Aunt Tessie did not see, but Maude did. She was nearly crying by the time it was all over and everyone had gone away. The children had been sent upstairs again, and Aunt Tessie’s heavy footsteps had taken her to her own part of the house.
Curiously enough, she and Edgar hardly spoke to one another about the disastrous subject, but Maude Lambe knew very well that he now, as well as she, fully realised the discomfort and humiliation entailed upon the whole household by his too-generous treatment of Aunt Tessie.
III
Soon it was no longer possible to pretend that Aunt Tessie was not getting worse and worse. Her constant, irrelevant allusions to plots, and poisonings, and wicked people, had become a fixed delusion.
She really thought that everyone at Melrose was conspiring against her life, and she would allow no one, except Emma, to do anything for her.

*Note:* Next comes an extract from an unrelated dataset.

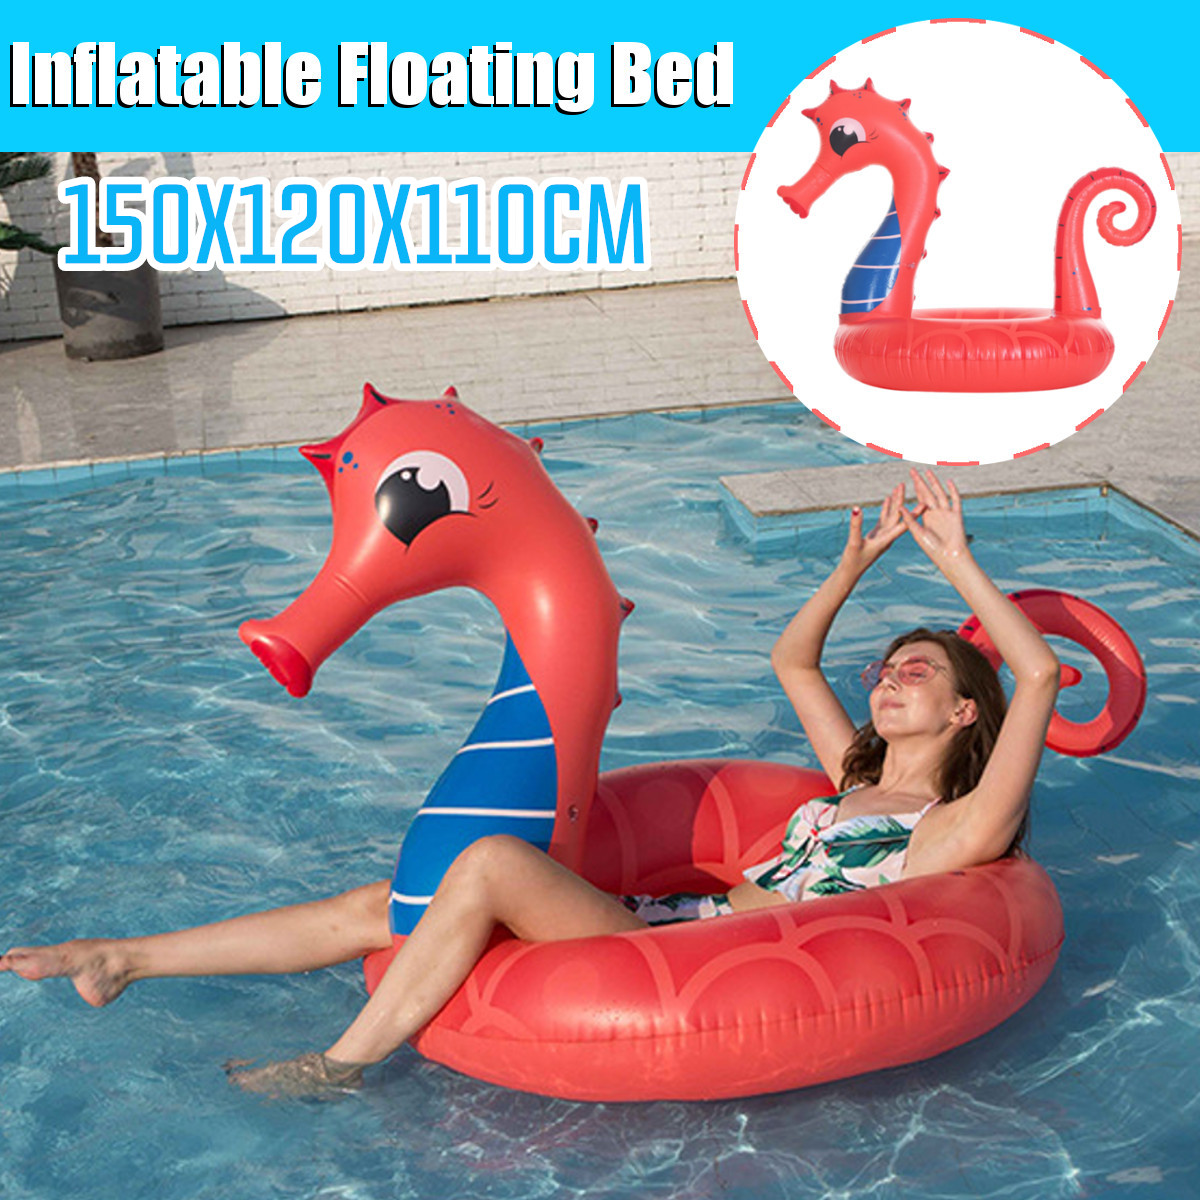 Large-Seahorse-Inflatable-Hippocampus-Giant-Swimming-Pool-Ring-Floats-Bed-Water-Pool-Raft-Camping-Be-1723619-1

It was a mercy, Mrs. Lambe often told herself, that Emma was such a good little thing. She was so willing, and never seemed to grudge the time and trouble that she was obliged to spend over cleaning Aunt Tessie’s apartments and tidying up after her. She would even listen, respectfully and yet compassionately, to Aunt Tessie’s long, rambling denunciations and accusations.
“Poor old lady!” Maude once overheard Emma saying to another servant. “She’s a lady just the same, for all she’s gone queer, and I behaves towards her like I would to any other lady, that’s all.”
“Funny kind of a lady that makes a face at a servant, as she did at me this morning.”